Search for Genetic Markers of Tick-Borne Encephalitis Virus for Its Specific Indication, Genomic Analysis

Abstract

Objective of the study is to analyze the genetic markers of tick-borne encephalitis virus, which can be used to specifically indicate the maximum number of virus strains and isolates.Materials and methods. Plasmid DNA and nucleic acids of the tick, the genus Ixodes and Dermacentor, were used as amplified material. Polymerase chain reaction (PCR) was conducted on C1000 amplifier with a CFX96 optical unit (BioRad). The species (strain) variety of detected organisms, using the analyzed genetic markers, was determined in the nBLAST software utility.

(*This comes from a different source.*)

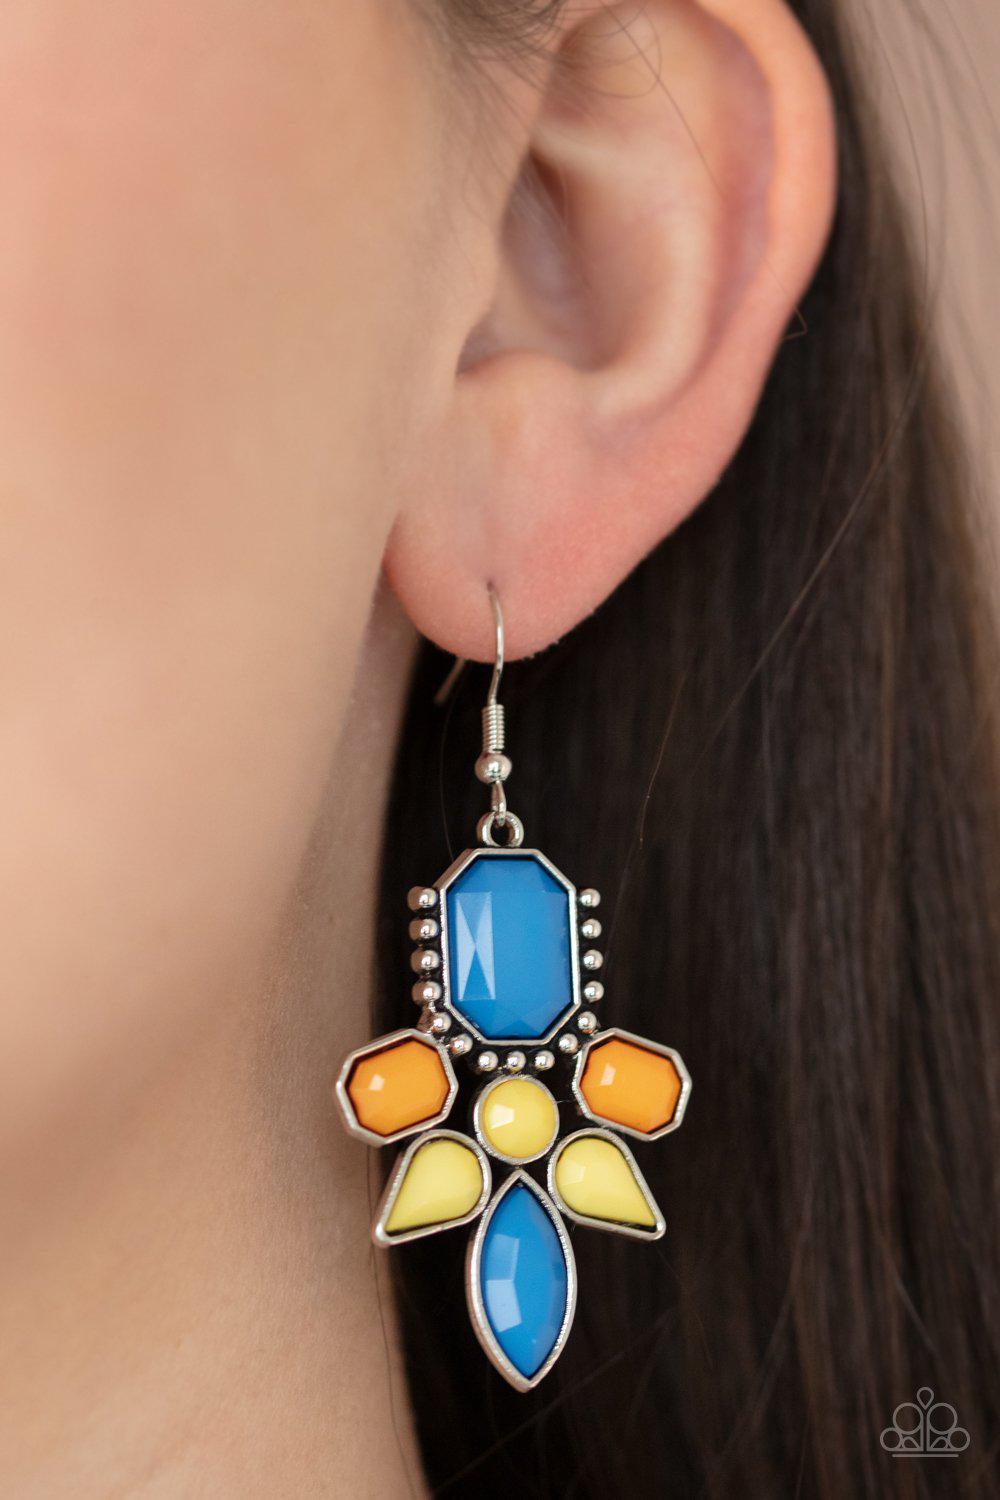 Vacay Vixen Multi Blue, Yellow and Marigold Earrings - Paparazzi Accessories- model - CarasShop.com - $5 Jewelry by Cara Jewels
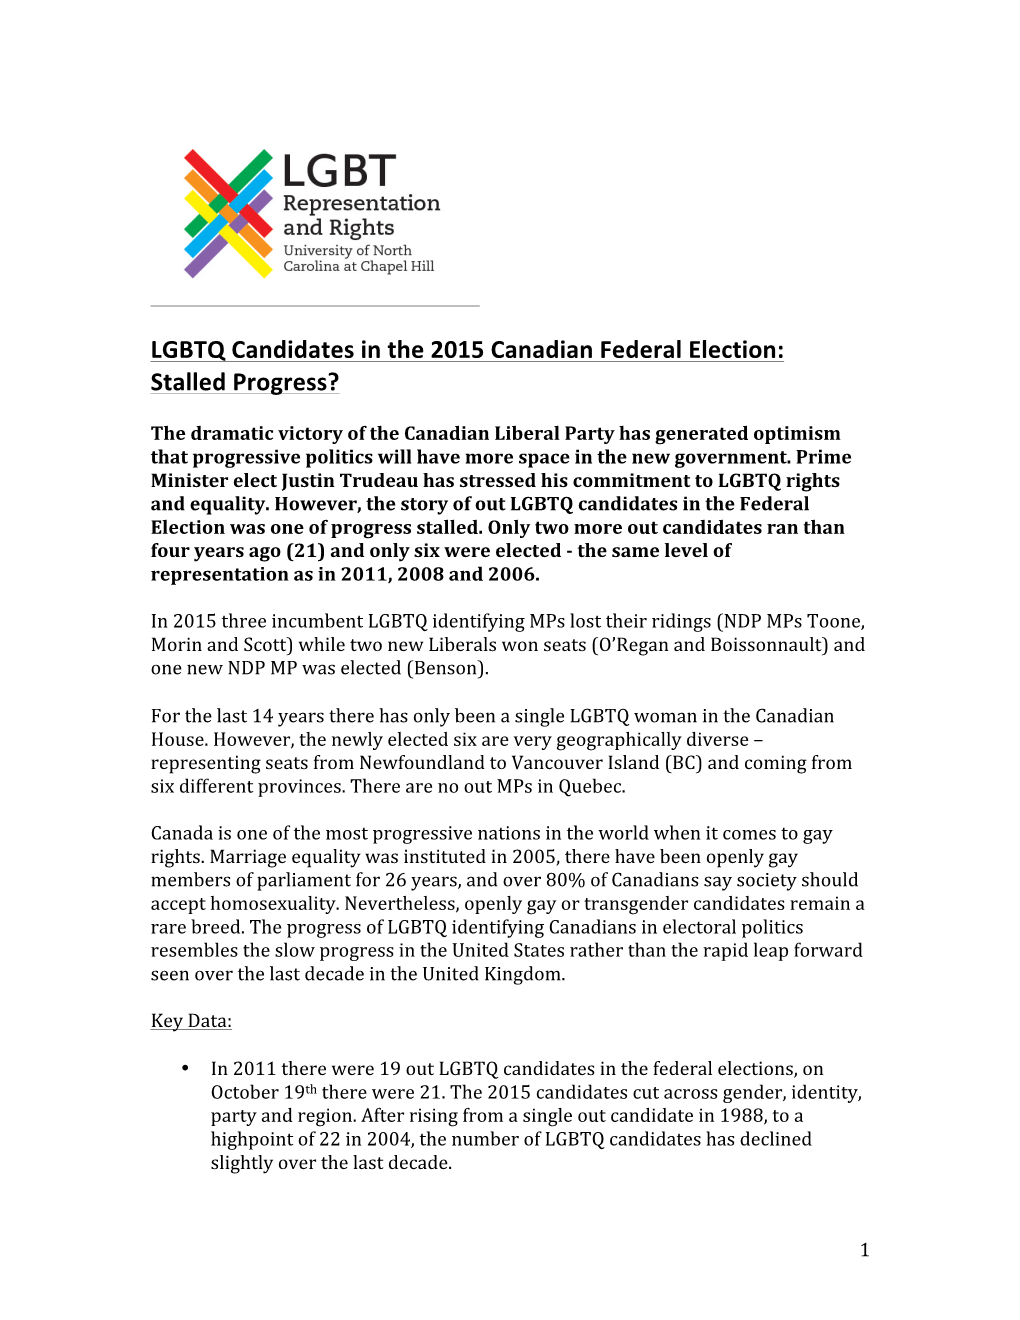 LGBTQ Candidates in the 2015 Canadian Federal Election: Stalled Progress?

The design of the nucleotide sequences of primers and probes was performed using “Vector NTI 9.1.0” (Invitrogen Corporation). Nucleic acids were isolated by magnetic sorption with a reagent panel MAGNO-sorb. Primers and probes were synthesized at “Evrogen” company, Moscow, Russia. The reagents for PCR were manufactured by “Syntol” company, Moscow, Russia.Results and discussion. When indicating the genome of the tick-borne encephalitis virus, the main criterion for choosing a marker sequence is the specific detection of nucleic acids of only the desired microorganism. The genomewide nucleotide sequences of various strains and isolates of tick-borne encephalitis virus were analyzed to search for a specific marker nucleotide sequence. Mutual comparison of all the above mentioned genomes made it possible to determine 7 conventionally conservative loci characterized by minimal nucleotide variability. The further work was based on the results of alignment of the nucleotide sequences of tick-borne encephalitis virus isolates, including the nucleotide sequences of heterogeneous microorganisms; primers and probes were designed to amplify each of the marker loci; the most analytically significant oligonucleotides were developed based on loci 4 and 7. Amplification with oligonucleotide primers to indicate tick-borne encephalitis virus was effective, both in a separate PCR with a positive control, and in combination with tick DNA.